Once we group resources into a source, we can run them together (or, we could still run the resources independently)

Examples of reasons to group resources into sources.

  • We want to run (load) them together on the same schedule
  • We want to configure them together or keep their schemas together
  • They represent a single API and we want to publish them in a coherent, easy to use way.

So what are the efforts you spare when using dlt here?

  • A source can function similar to a class, but simpler, encouraging code reuse and simplicity.
  • Resources offer more granular configuration options
  • Resources can also be transformers, passing data between them in a microbatched way enabling patterns like enrichments or list/detail endpoints.
  • Source schemas can be configured with various options such as pushing down top-level columns into nested structures
  • dlt's requests replacement has built-in retries for non-permanent error codes. This safeguards the progress of long extraction jobs that could otherwise break over and over (if retried as a whole) due to network or source API issues.

What else does dlt bring to the table?

Beyond the ease of data extraction and loading, dlt introduces several advanced features that further simplify data engineering tasks:

Asynchronous operations: dlt harnesses the power of asynchronous programming to manage I/O-bound and network operations efficiently. This means faster data processing, better resource utilization, and more responsive applications, especially when dealing with high volumes of data or remote data sources.

Flexible destinations and reverse ETL: dlt isn't just about pulling data in; it's about sending it where it needs to go. Whether it's a SQL database, a data lake, a cloud-based storage solution, or a custom reverse ETL destination, dlt provides the flexibility to integrate with various destinations.

Optional T in ETL: With dlt, transformations are not an afterthought but a core feature. You can define transformations as part of your data pipelines, ensuring that the data is not just moved but refined, enriched, and shaped to fit your analytical needs. This capability allows for more sophisticated data modeling and preparation tasks to be streamlined within your ELT processes.

Data quality and observability: dlt places a strong emphasis on data quality and observability. It includes features for schema evolution tracking, data type validation, error handling, and data contracts, which are critical for maintaining the integrity of your data ecosystem. Observability tools integrated within dlt help monitor the health and performance of your pipelines, providing insights into data flows, bottlenecks, and potential issues before they escalate.

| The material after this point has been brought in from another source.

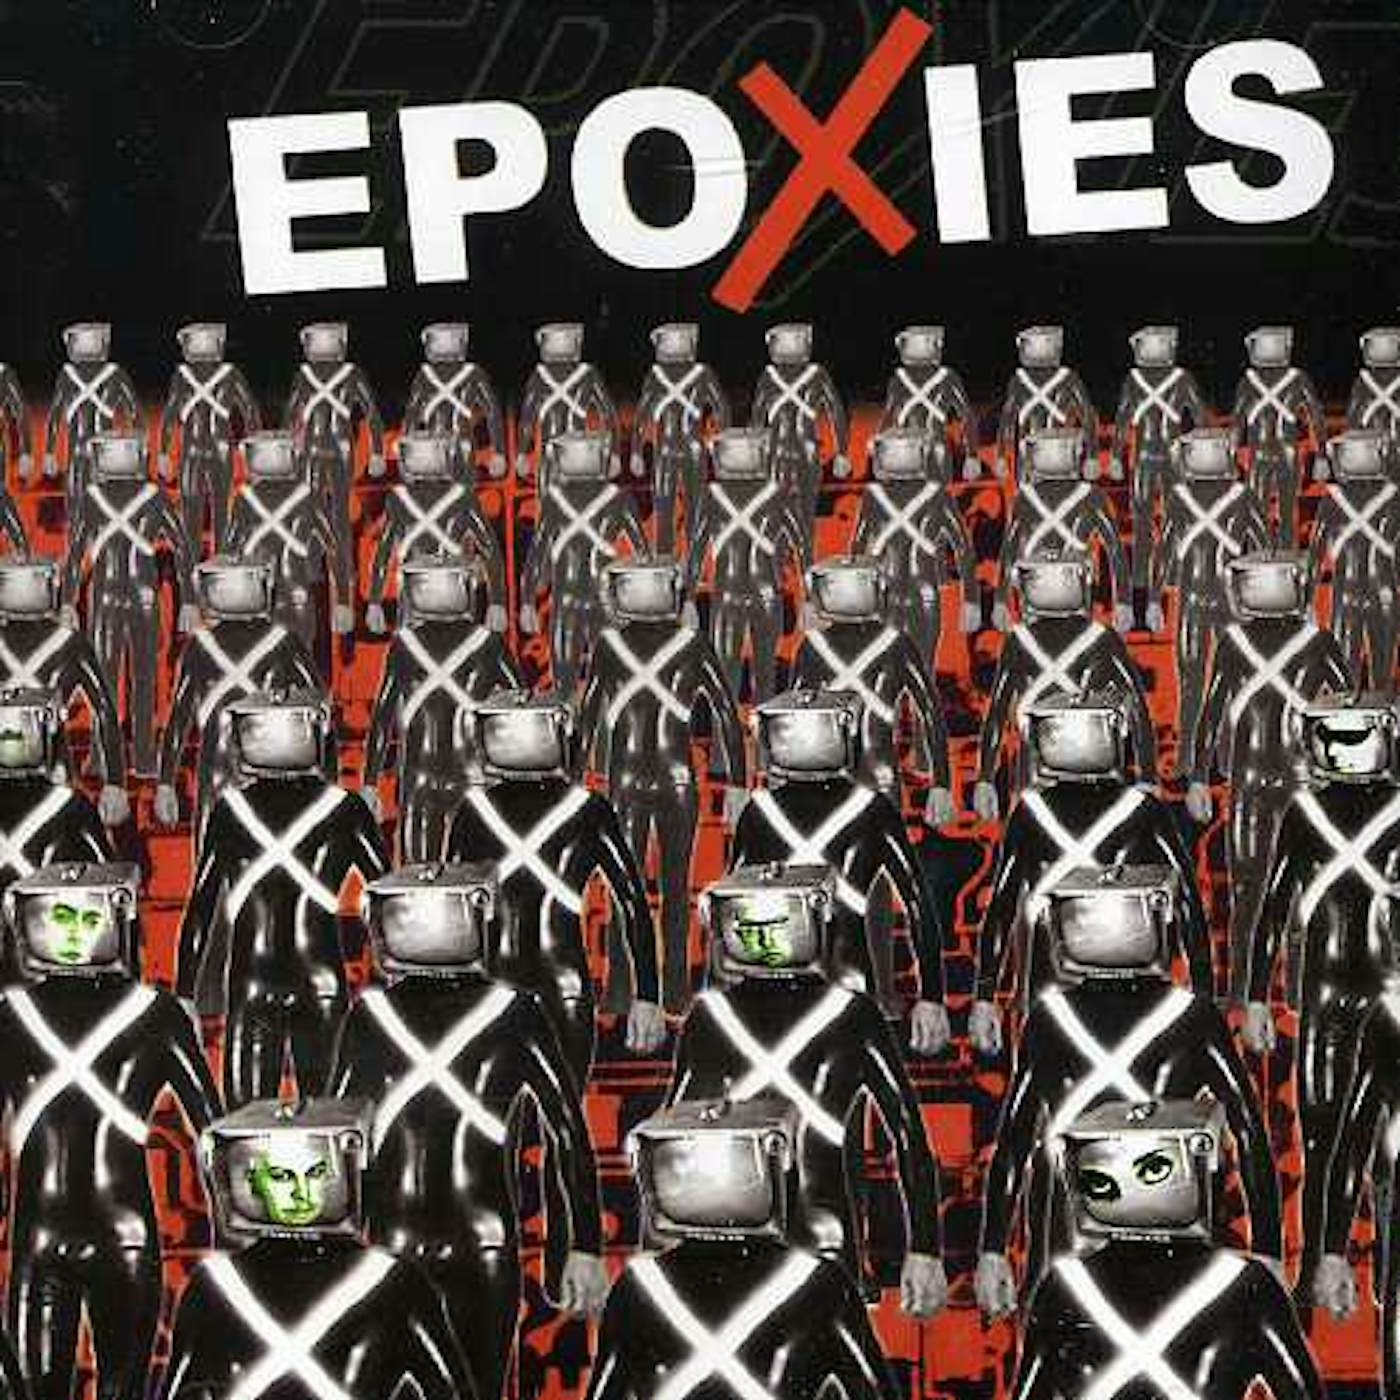 Epoxies SYNTHESIZED CD

Community and ecosystem: One of the most significant advantages of dlt is its growing community and ecosystem. Similar to Python, dlt benefits from contributions that extend its capabilities, including connectors, plugins, and integrations. This collaborative environment ensures that dlt remains at the forefront of data engineering innovation, adapting to new challenges and opportunities.

In essence, dlt is not just a tool but a comprehensive one-stop shop that addresses the end-to-end needs of modern data ingestion. By combining the simplicity of Python with the robustness of enterprise-grade tools, dlt democratizes data engineering, making it accessible to a broader audience. Whether you're a data scientist, analyst, or engineer, dlt empowers you to focus on what matters most: deriving insights and value from your data.

Conclusion

As Perl and Python have made programming more accessible, dlt is set to transform data engineering by making sophisticated data operations accessible to all. This marks a significant shift towards the democratization of technology, enabling more individuals to contribute to and benefit from the digital landscape. dlt isn't just about making easy things fast and hard things accessible; it's about preparing a future where data engineering becomes an integral part of every data professional's toolkit.